Exercise data below:
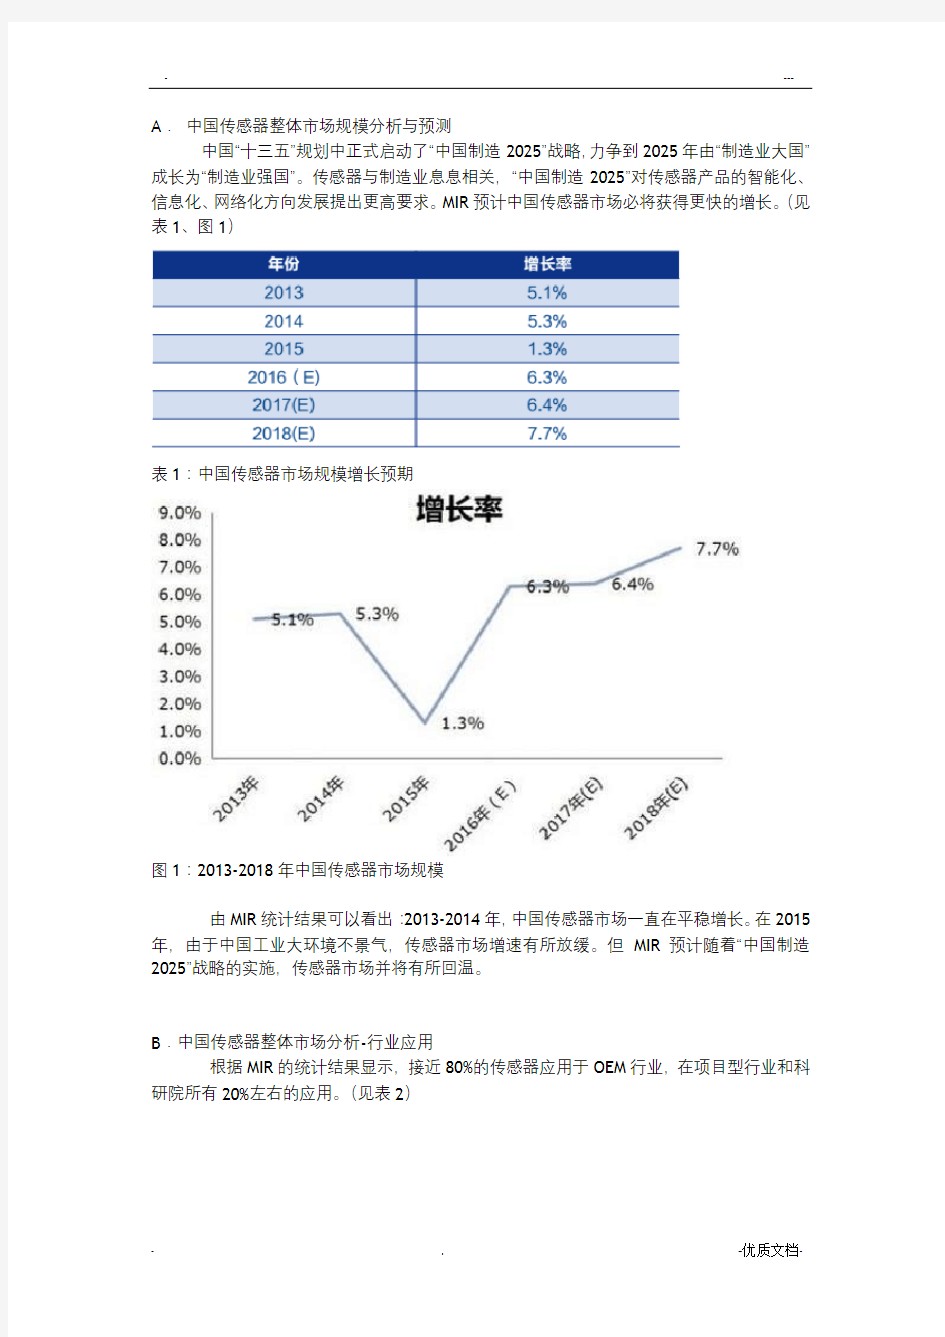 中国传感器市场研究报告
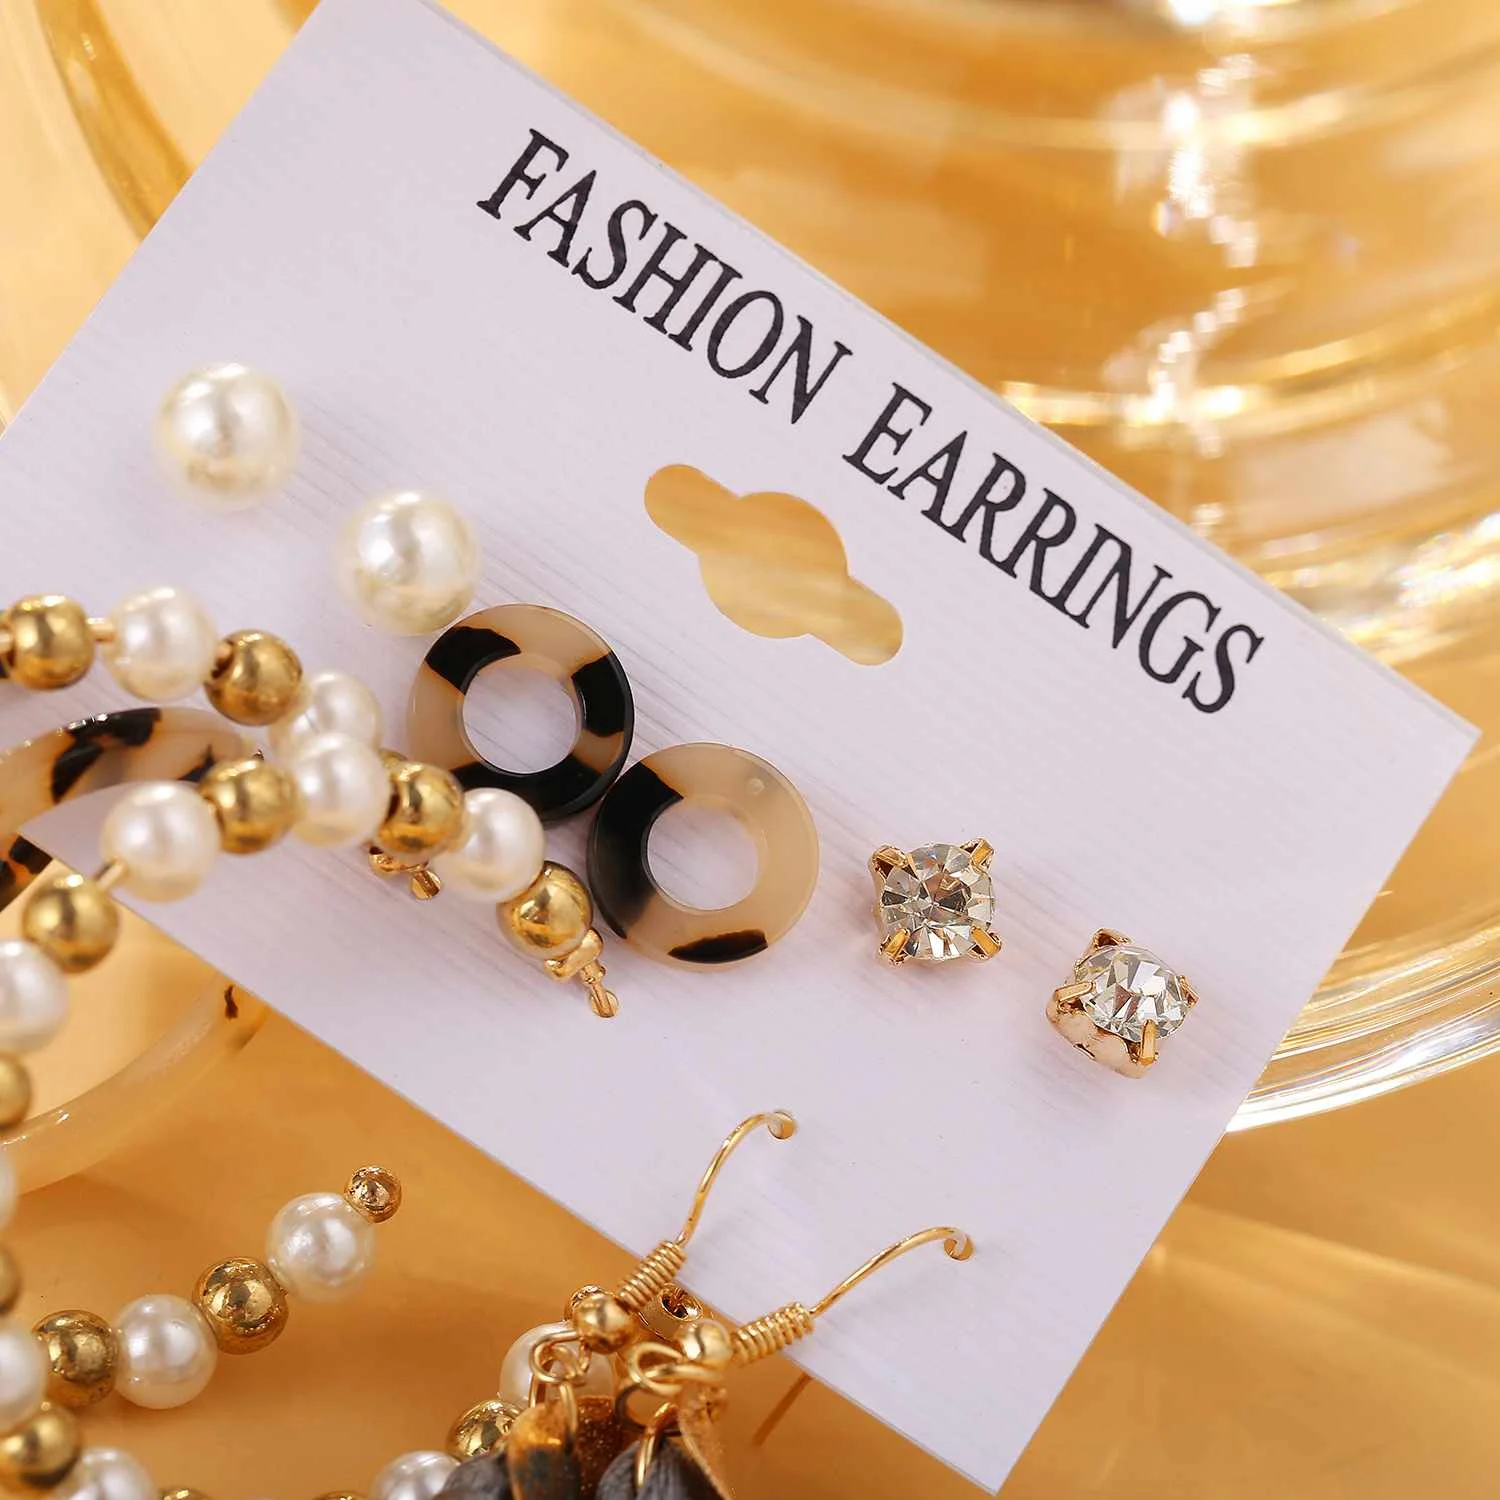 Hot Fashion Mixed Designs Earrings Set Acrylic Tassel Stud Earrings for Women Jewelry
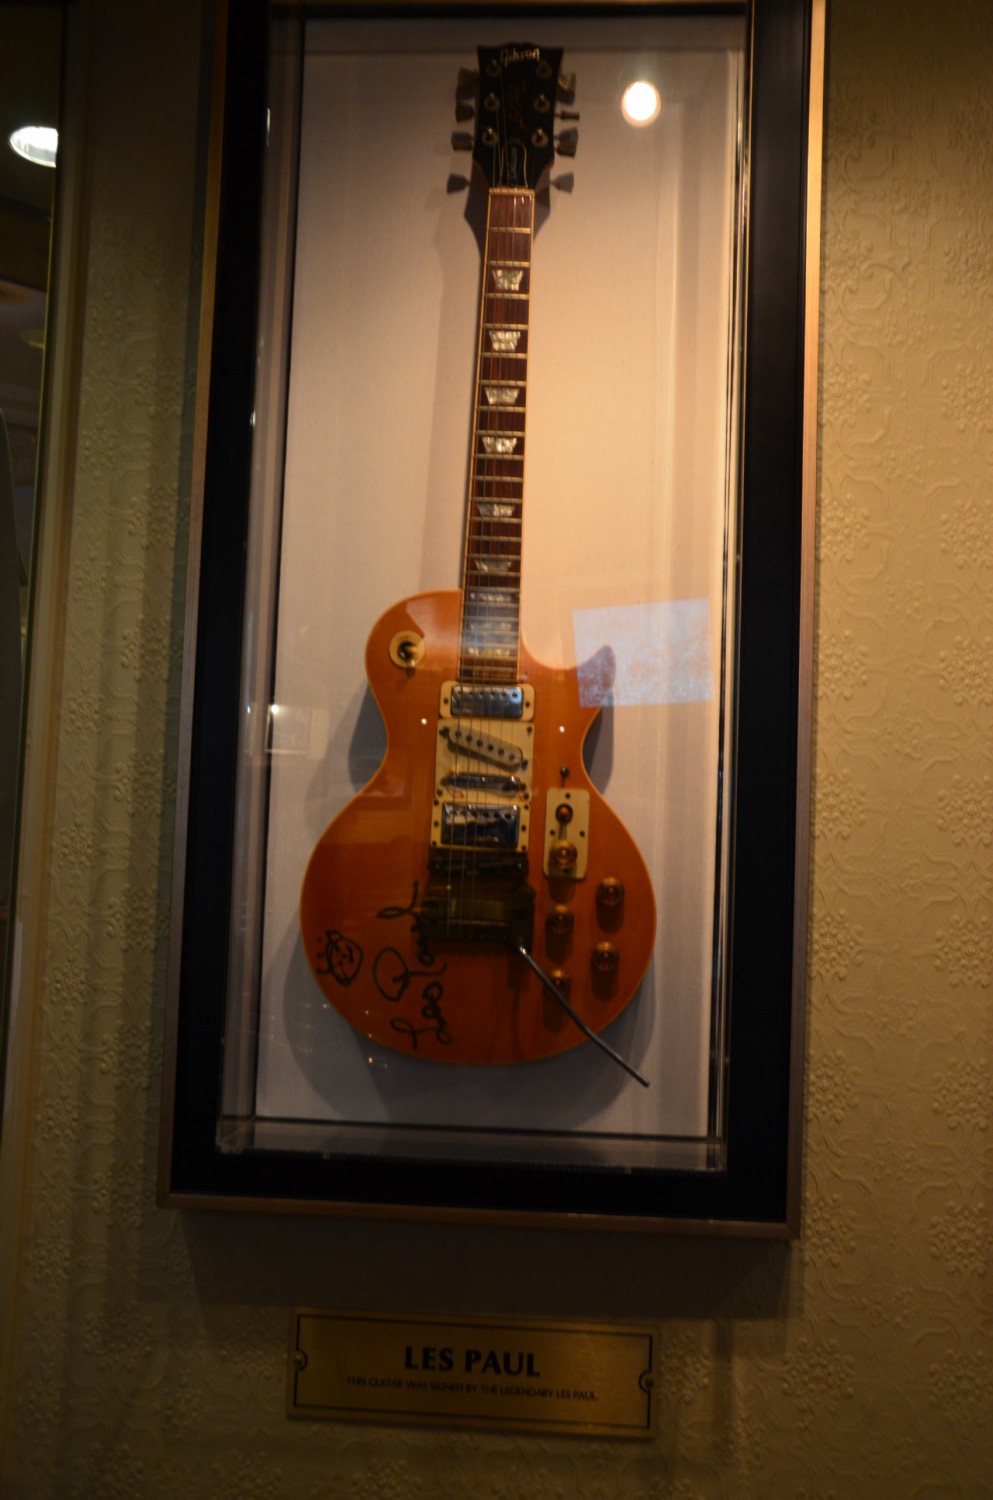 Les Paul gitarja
End of Exercise data.
§ **Exercise instructions**
Word for word, restate the lines from the line containing "Hot Fashion Mixed" through the end of the data, including the first and last of them. Pictures stay out.

§ **Expected output**
 Hot Fashion Mixed Designs Earrings Set Acrylic Tassel Stud Earrings for Women Jewelry
 Les Paul gitarja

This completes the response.